The 3-month randomized phase of the study was followed by a 3-month extension period in which all participants received the Nutrisystem D intervention. Those who began on Nutrisystem D for the first 3 months and continued for the next 3 months increased their weight loss to 9.7% of initial weight and maintained a reduction of 0.9% in HbA1c. Those who began in the control group and crossed over to the Nutrisystem D intervention for months 3-6 achieved a weight loss of 5.3% of initial weight and a reduction of 0.87% in HbA1c at that time. There was no follow-up period to examine changes after the intervention was discontinued.

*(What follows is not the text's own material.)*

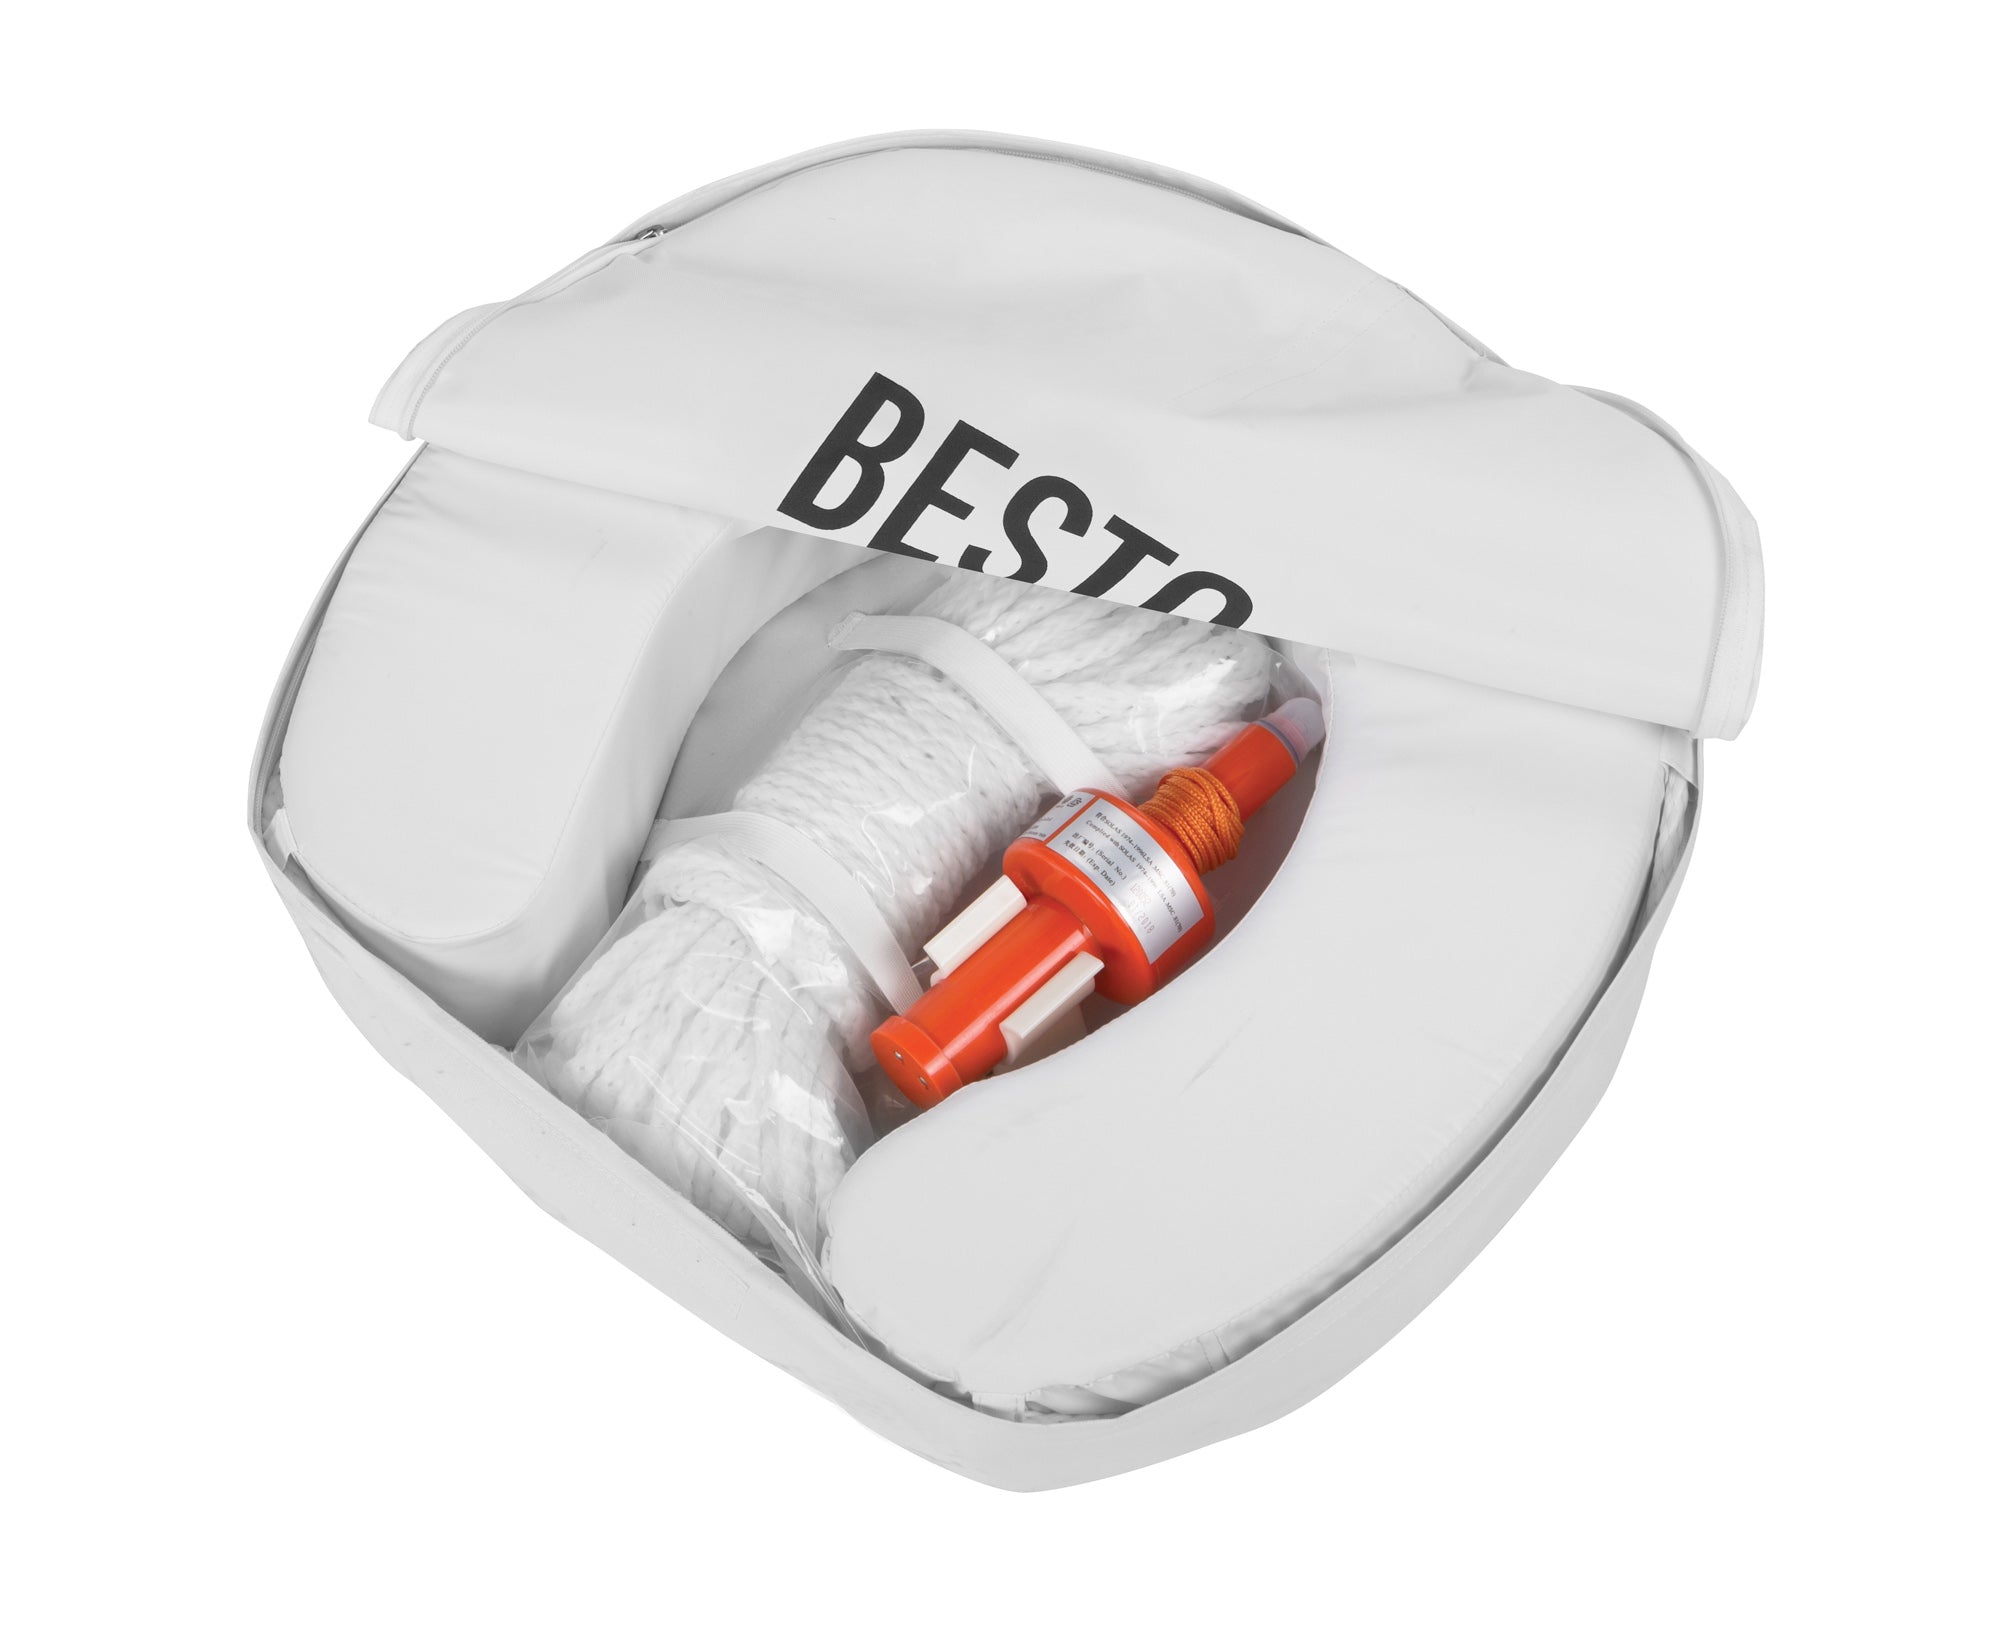 safety kit white with Besto logo

In attempt to determine the real-world applicability of the Foster et al. study results, researchers compared weight loss achieved by study subjects with the results of actual Nutrisystem D customers. Those who recorded their weight online at the time of purchase and again 3 months later achieved an average weight loss of 18.1 lb (equivalent to a 7.6% reduction in initial body weight). More than three-quarters of customers lost at least 5% of their body weight and nearly one-quarter lost at least 10% of their starting weight at 3 months. By comparison, the 5% and 10% thresholds were met by two-thirds and one-quarter of Foster et al. study subjects, respectively.
Nutrisystem researchers presented a study titled “Holiday Weight Change in a Commercial Weight Loss Program” at the 2011 Advances and Controversies in Clinical Nutrition conference, organized by the American Society for Nutrition Medical Nutrition Council. The study examined the average weight change among Nutrisystem customers during the time between Thanksgiving and New Year’s Day and compared it with average changes achieved during similar lengths of time at different points during the year. On average, customers lost 5.5 lb (0.9 lb per week) during the holiday season, and 8.4 – 9.5 lb (1.4 – 1.6 lb per week) during the comparison periods.
Maintenance of Weight Loss
Reviews of the Nutrisystem program criticize the company’s approach as not conducive to long-term weight control. For example, the review on webmd.com states, “Think of the NutriSystem diet as a temporary plan that can help get you started on the road to healthier eating, but keep in mind that you will ultimately have to do it on your own. The challenge is to continue losing weight on a calorie-controlled diet without the advantage of the prepackaged foods.” In response to concerns such as these, Nutrisystem began offering “transition” plans in 2011. The idea behind these plans is to help customers continue following the principles of the Nutrisystem program (portion-controlled, low-GI eating) after they no longer purchase pre-packaged foods from the company. This is achieved by allowing customers to select partial programs (e.g., exclude pre-packaged dinners from their orders) and offering portion-control tools and recipes that are consistent with the nutrition profile of the main weight loss program.